La plateforme recense en effet quasiment toute l’offre de formation post-bac en apprentissage pourvu que la formation conduise à un diplôme national de l’enseignement supérieur ou un titre ou diplôme de l’enseignement supérieur mentionné au I de l’article L. 6113-5 du code du travail (inscrit au RNCP). Le BTS, qui représente 82 % des formations, est essentiellement proposé par des structures privées (48 % privé hors contrat, 24 % privé sous contrat) non sans abus. L’habilitation à former étant le seul moyen de s’assurer de la capacité d’un CFA à accompagner ses apprentis vers la réussite, « l’absence d’obligation spécifique pour ce diplôme national conduit à des dysfonctionnements et des fraudes que le Comité a déjà signalées, comme le non-respect du référentiel de formation par exemple » stigmatise le rapport.

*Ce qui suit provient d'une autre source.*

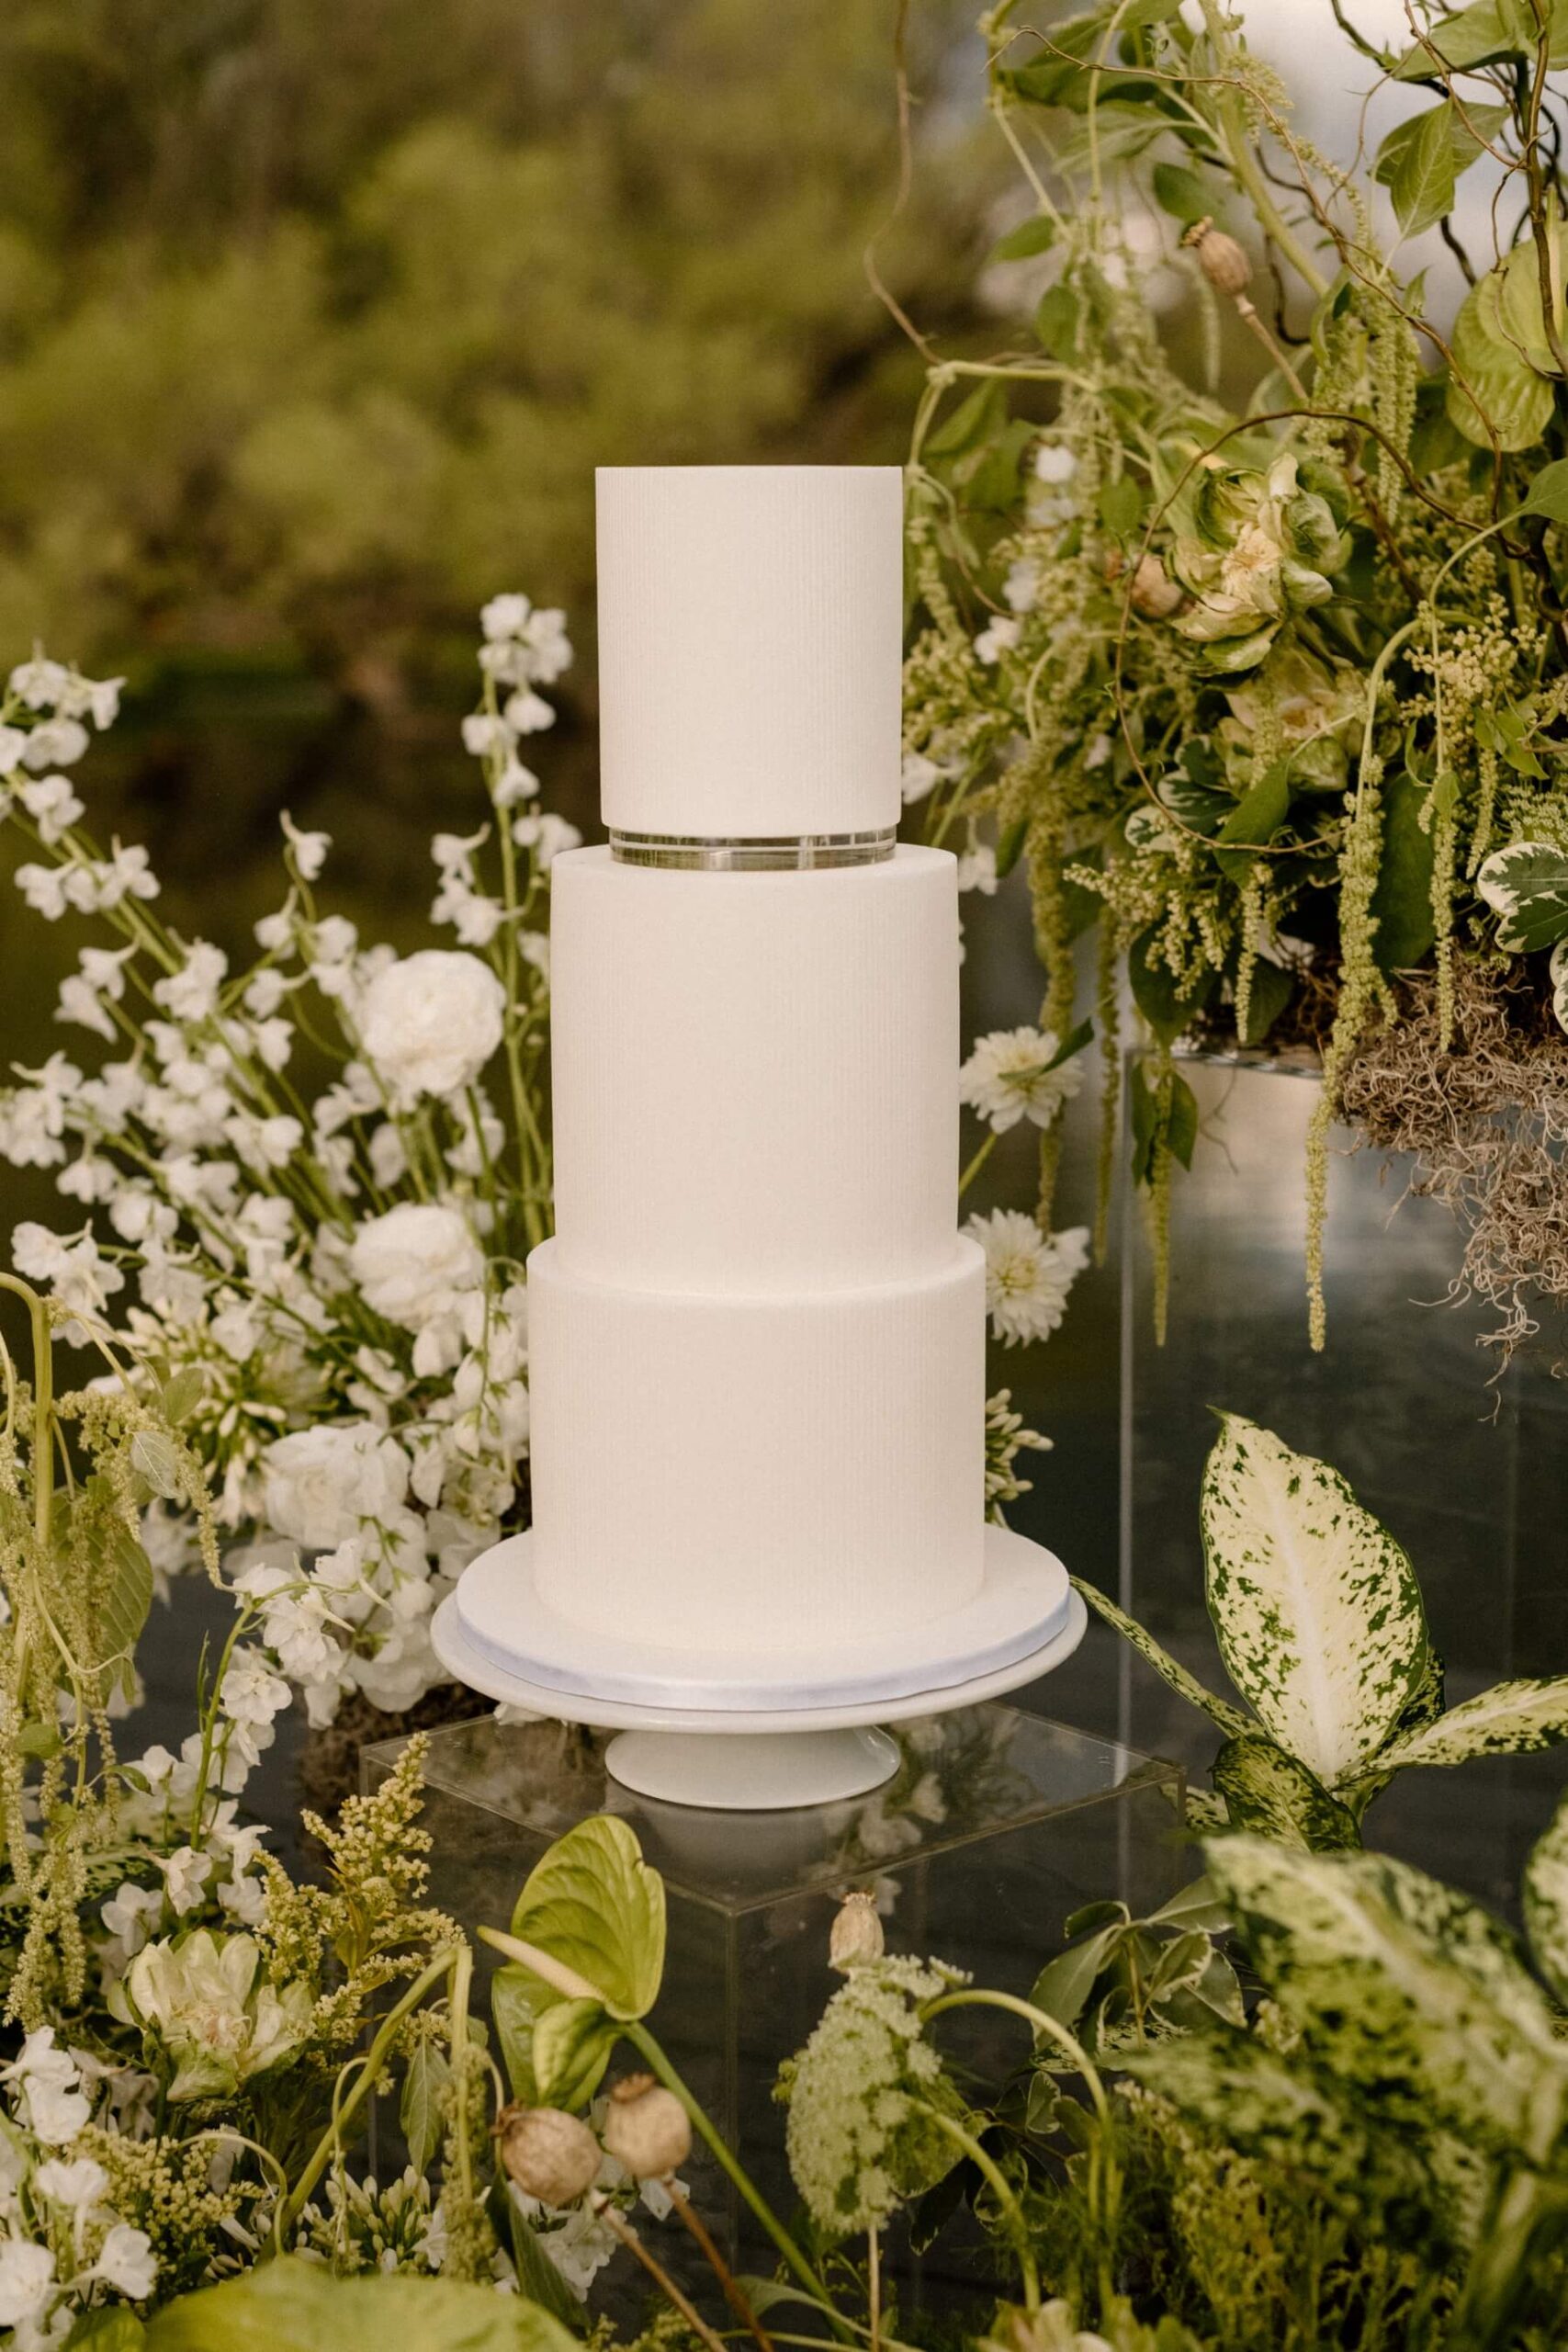 Three tier white wedding cake with silver band

Par ailleurs la spécificité du calendrier de l’apprentissage peut être mise à profit par des CFA pour capter des candidats ou recruter de manière plus rapide que les formations hors apprentissage, ce qui est « jugé par certains comme de la concurrence déloyale ». La réglementation a toutefois évolué : à partir de la campagne 2025, les coordonnées des candidats ne sont communiquées aux CFA que lorsque leur vœu est confirmé, soit un mois et demi plus tard que les années précédentes. Cela permet d’éviter les comportements « prédateurs » de CFA qui démarchaient les futurs candidats dès le mois de février. Toutefois, dans la mesure où beaucoup de CFA disposent de leur propre parcours de recrutement en parallèle à celui de Parcoursup, rien ne les empêche de « jouer sur les deux tableaux ». Un arrêté du 19 février 2025 devrait permettre de lutter plus efficacement contre les dérives en matière de circuits parallèles de recrutement. Il stipule que : « Jusqu’au terme de la procédure nationale de préinscription, les places proposées dans une formation par l’intermédiaire de la plateforme Parcoursup ne peuvent être pourvues en dehors de cette plateforme ».
Quel rôle pourrait jouer Parcoursup avec la nouvelle loi ? Parcoursup est au cœur du Projet de loi relatif à la régulation de l’enseignement supérieur privé. C’est l’aspect central de la loi : son article 2 crée deux nouveaux dispositifs : l’« agrément » et le « partenariat ». L’obtention d’une de ces deux reconnaissances sera obligatoire pour figurer sur Parcoursup. Lors du référencement sur Parcoursup à l’automne 2026 des formations en préparation de la rentrée 2027, les nouveaux établissements devront répondre à cette obligation de reconnaissance par l’État. Pour la préparation de la rentrée 2029, les établissements initialement présents sur Parcoursup devront répondre également à cette obligation. Par ailleurs le MESRE peut définir comme sanction le retrait de la plateforme Parcoursup à toute formation référencée dans la plateforme même si celle-ci est proposée par un établissement ayant obligation de référencer ses formations dans Parcoursup.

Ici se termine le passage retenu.